Signed-Ranks Median Confidence Interval

Creating confidence intervals for the median using the Signed Ranks test is similar to creating confidence intervals for the Mann-Whitney test (see Mann-Whitney Confidence Interval), although we need to use something called the Walsh averages.

Example

Example 1: Find the 95% confidence interval for the median based on the data in Example 1 of Wilcoxon Signed-Ranks Test (repeated in range A3:D18 of Figure 1).

There are 15 difference values z1, z2, …, z15 (range D4:D18). For any 1 ≤ i ≤ j ≤ 15, we define the Walsh average to be wij = (zi + zj)/2. There are 15(15+1)/2 = 120 such Walsh averages. These are shown in range G4:U18. E.g. w11 (cell G4) can be calculated by the formula

=IF(ROW(F4:F18)-ROW($F$4)<=COLUMN(G3:U3)-COLUMN($G$3),($F4+G$3)/2,””)

Signed ranks confidence interval

Figure 1 – Set-up for Signed Ranks confidence interval

Using the table of critical values in Signed-Ranks Table, we see that the two-tailed critical value for α = .05 is 25 when the sample size is 15. Alternatively, we can use the SRankCRIT function as shown in cell X5 of Figure 2.

The 95% confidence interval is bounded by the 25th smallest and 25th largest values in range G4:U18, as shown in cells X7 and X8 of Figure 2, resulting in the requested 95% confidence interval of [-2.5, 6.5].

The median of all the values in range G4:U18, called the Hodges-Lehmann median, is 2.5 (cell X9).

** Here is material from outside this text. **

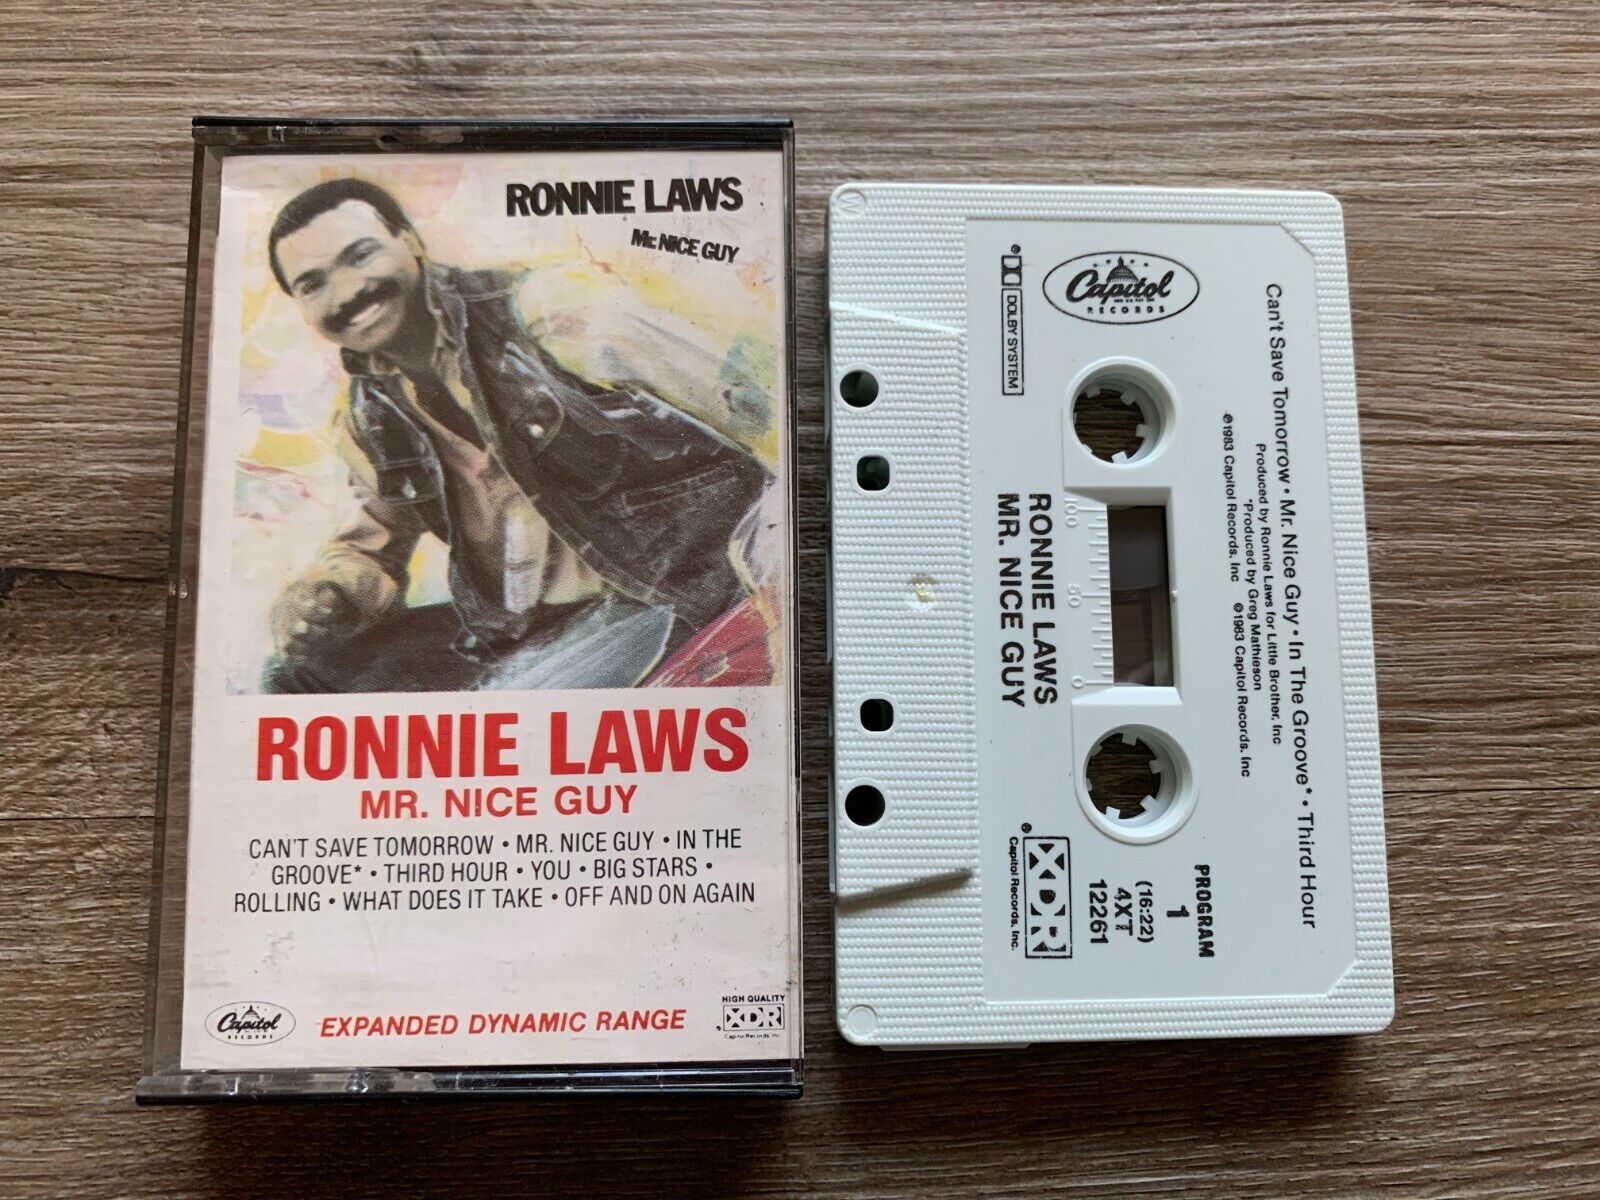 VINTAGE RONNIE LAWS MR. NICE GUY CASSETTE TAPE

This can be used as an alternative effect size measurement.

As we did for the Mann-Whitney test (see Mann-Whitney Confidence Interval), we also calculate a confidence interval based on the critical value plus 1, as shown in cells X12 and X13.

Signed-ranks confidence interval

Figure 2 – Signed Ranks confidence interval

Observations

Since we eliminate any differences that equal 0 when performing the signed-ranks test, we can also do the same when calculating a confidence interval. In this case, we need to eliminate row 5 and column H from the data in Figure 1.

We can also create confidence intervals based on the normal approximation. In this case, the ranks of the lower and upper bounds of the confidence interval are

Signed ranks confidence interval

where zcrit = the critical value for the standard normal distribution when α/2 = .025.

Worksheet Function

Real Statistics Function: The Real Statistics Pack provides the following array function to calculate the confidence interval based on the pairwise differences between the values in R1 and R2 where alpha is the significance level (default .05).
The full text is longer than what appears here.